In my experience, it is club committees and county rating teams that are the obstacle, not EG. (I posted about this earlier; see #8)

Anyway, not having tees rated may prevent submission of scores for handicapping, but it doesn't prevent play from those tees. If clubs are not allowing women to play from longer tees, then that is an issue to be raised with the club.


----------



## pauljames87 (Apr 18, 2022)

louise_a said:



			We would like a course rating for our yellows tees for female players, we have been told that it cant be done because the course is over 6000yds. It doesn't seem right to me and I am wondering if our men's handicap secretary is just trying to fob us off.

Can anyone tell me if there is any truth in what he says.
		
Click to expand...

Just had a look our red tees are 6187 yards so I'd suggest he is fobbing you off


----------



## SwingsitlikeHogan (Apr 18, 2022)

pauljames87 said:



			Just had a look our red tees are 6187 yards so I'd suggest he is fobbing you off
		
Click to expand...

Likewise..we are 6192yds off yellows and these have been rated for ladies.


----------



## chellie (Apr 18, 2022)

I was told they will only rate white and yellow tees for ladies if the club plans to run competitions that ladies can enter from those tees.


----------



## rulefan (Apr 18, 2022)

chellie said:



			I was told they will only rate white and yellow tees for ladies if the club plans to run competitions that ladies can enter from those tees.
		
Click to expand...

As it is a pretty costly exercise for the County it seems a pretty pragmatic stance.


----------



## mikejohnchapman (Apr 18, 2022)

chellie said:



			I was told they will only rate white and yellow tees for ladies if the club plans to run competitions that ladies can enter from those tees.
		
Click to expand...

I'm sure we have had this debate before. I am convinced the wrong question was asked during the initial assessment. It wasn't "what tees do you want rating for men and ladies?" it was "what tees do your men and ladies play from?" Hence in most cases it was Red for ladies and yellow / White for men. If the questions was asked now I suspect there might be different answers.


----------



## rulefan (Apr 18, 2022)

louise_a said:



			We would like a course rating for our yellows tees for female players, we have been told that it cant be done because the course is over 6000yds. It doesn't seem right to me and I am wondering if our men's handicap secretary is just trying to fob us off.

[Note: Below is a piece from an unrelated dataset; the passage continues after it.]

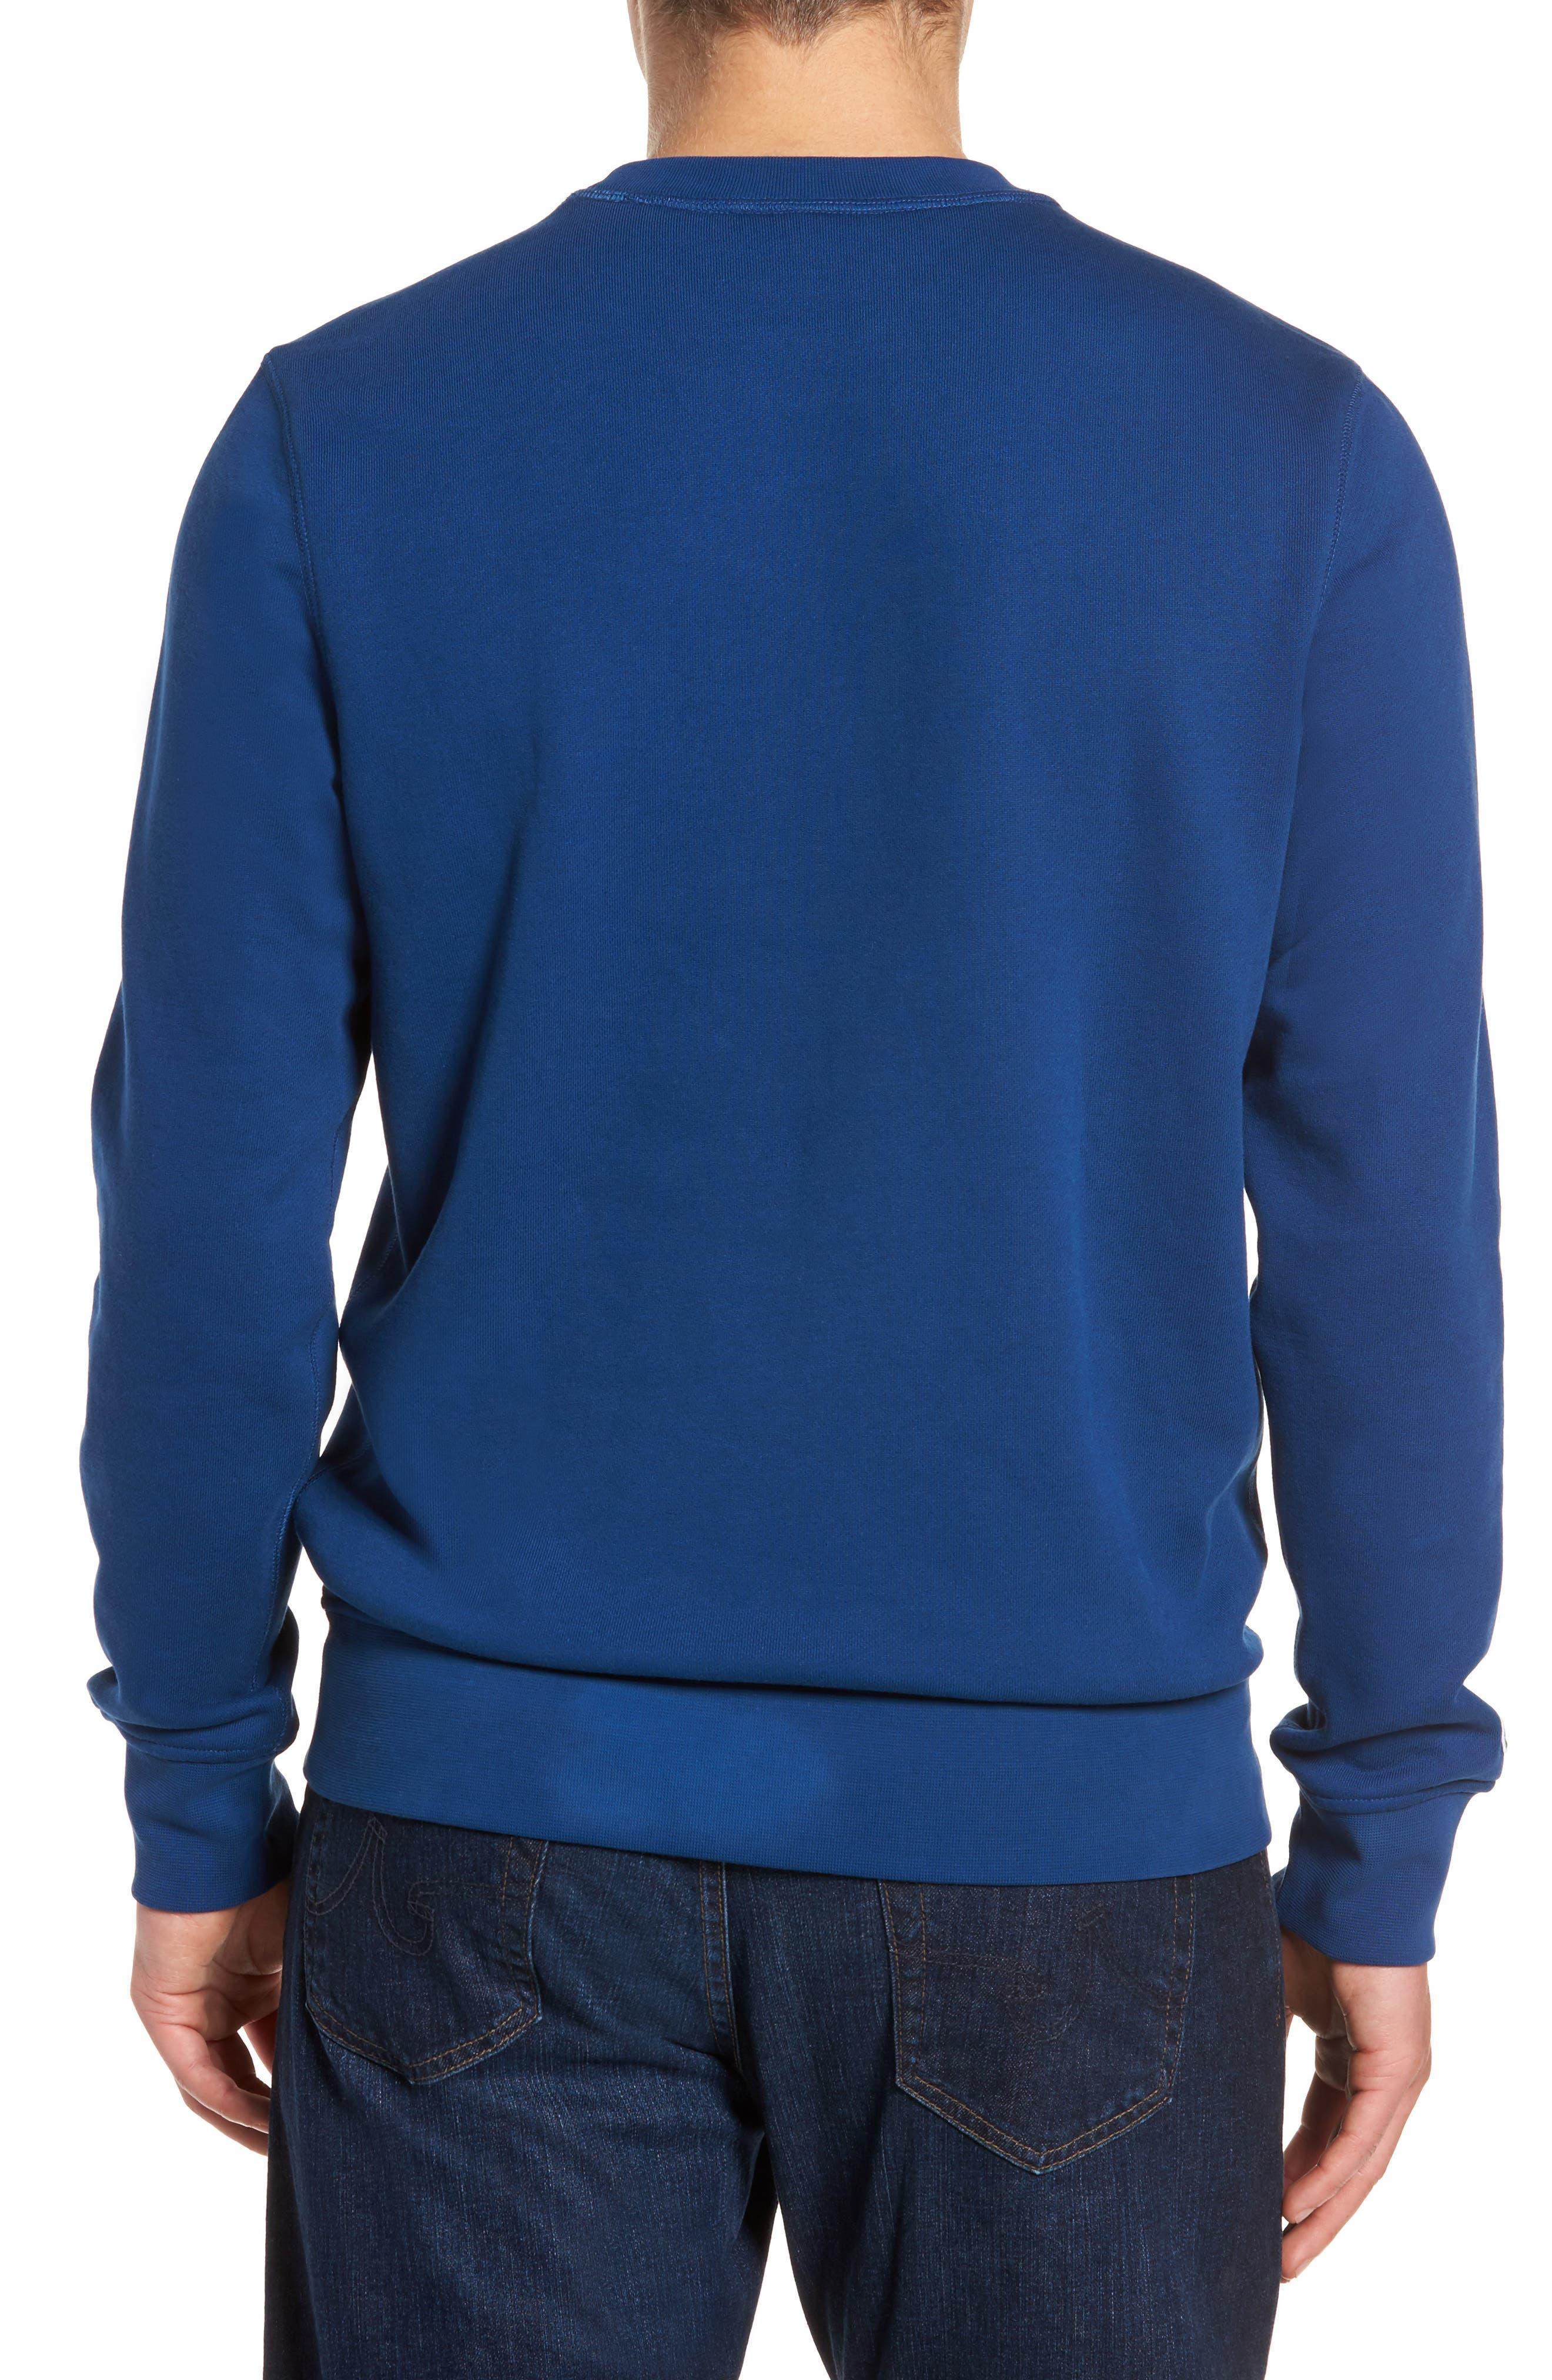 Alternate Image 2  - Lacoste Lettering Fleece Sweatshirt

Can anyone tell me if there is any truth in what he says.
		
Click to expand...

None


----------



## Foxholer (Apr 18, 2022)

SwingsitlikeHogan said:



			Likewise..we are 6192yds off yellows and these have been rated for ladies.
		
Click to expand...

I think the presence of a particular female member would likely have provided incentive for that!


----------



## Foxholer (Apr 18, 2022)

chellie said:



			I was told they will only rate white and yellow tees for ladies if the club plans to run competitions that ladies can enter from those tees.
		
Click to expand...

There's a simple reply to/for that then.


----------



## sweaty sock (Apr 28, 2022)

Maybe a silly question, but why does any course need rating for women?  Surely the simple answer is that its one rating for everyone and your handicap levels the field?  Sorry i know its a bit off topic...


----------



## wjemather (Apr 28, 2022)

sweaty sock said:



			Maybe a silly question, but why does any course need rating for women?  Surely the simple answer is that its one rating for everyone and your handicap levels the field?  Sorry i know its a bit off topic...
		
Click to expand...

I can't think of a reason why a single rating would not work for everyone. However, one of the major factors in course rating is distance and women simply don't hit the ball as far, so there would be significant consequences to not having different ratings; e.g. extremely few scratch women (current index would need to be about +6), handicaps well over 54 to compensate, etc.


----------



## Bdill93 (Apr 28, 2022)

sweaty sock said:



			Maybe a silly question, but why does any course need rating for women?  Surely the simple answer is that its one rating for everyone and your handicap levels the field?  Sorry i know its a bit off topic...
		
Click to expand...

I think it just negates the difference in distances!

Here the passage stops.